I'm a little rusty on my probability and would appreciate any help. I think I have done the bulk of the work already anyway, but my question is:
If $X \sim LN(1,2)$ find $P(X>1)$
$X$ being LogNormal implies: $X = e^Y$, where $Y \sim N(1,2)$
So $P(X>1) \implies P(e^Y>1) \implies P(Y> ln(1)) \implies P(Y > 0)$
From here, we just need to consult our standard normal table?
But the issue is that $Y$ is not standard normal, so we need to convert it.
$Y = \frac{Z-\mu}{\sigma} \implies Y = \frac{Z-1}{\sqrt{2}}$
So we need to solve : $P(\frac{Z-1}{\sqrt{2}} > 0) \implies P(Z>1)$
Is this correct so far?
If so, now I get my standard normal table out, which finds values to the right of the $Z$ score. (I can also to the left, just with some basic algebraic manipualtion).

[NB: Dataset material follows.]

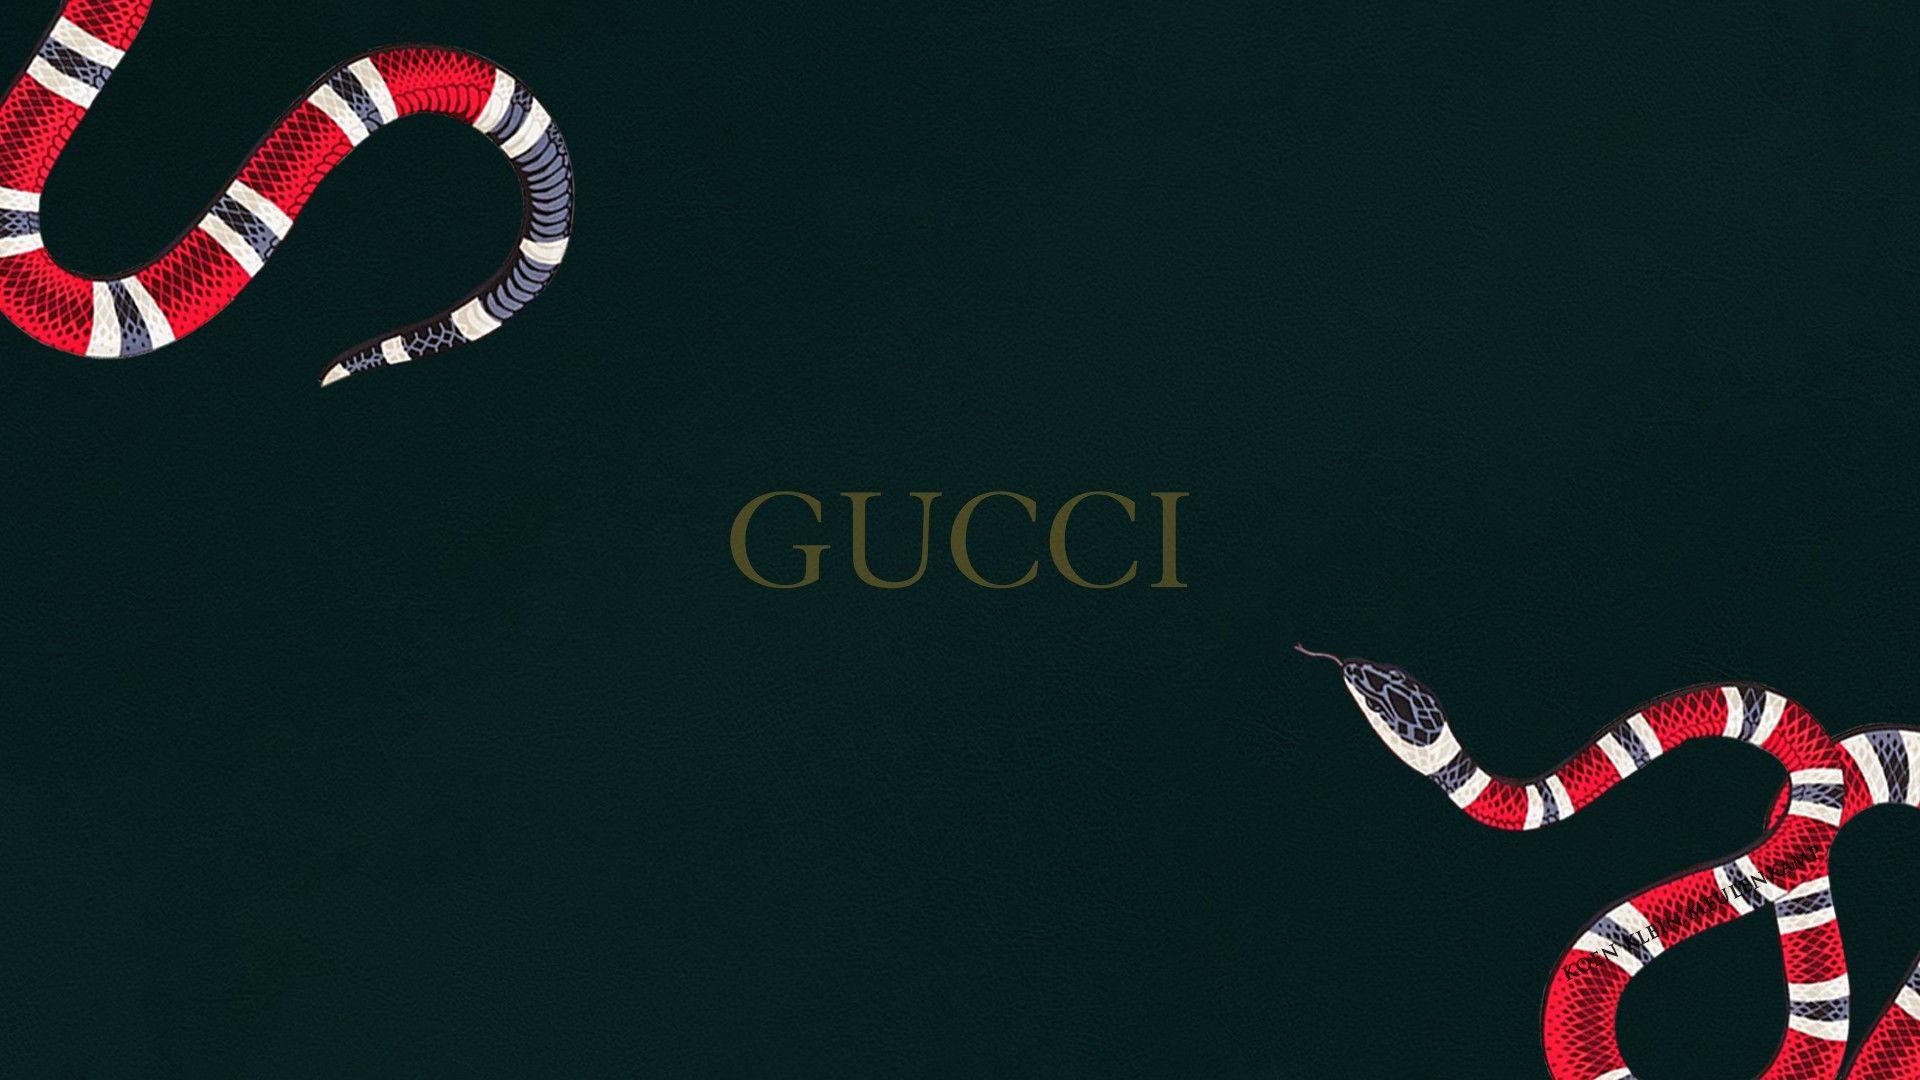 beautiful gucci wallpaper 1920x1080 hd 1080p | Gucci in 2019 | Pinterest | Gucci wallpaper ...

Consulting this: http://www.stat.ncsu.edu/people/osborne/courses/xiamen/normal-table.pdf
I scroll down to $P(Z>z) \space \text{where z} = 1.00 = .1587$.
However the answer in my text says $P(Y > 0) = 0.76$
Where is my error?
Any help appreciated.
You are normalising wrong. You should instead write
$$Y = \mu + \sigma Z$$
The rest looks fine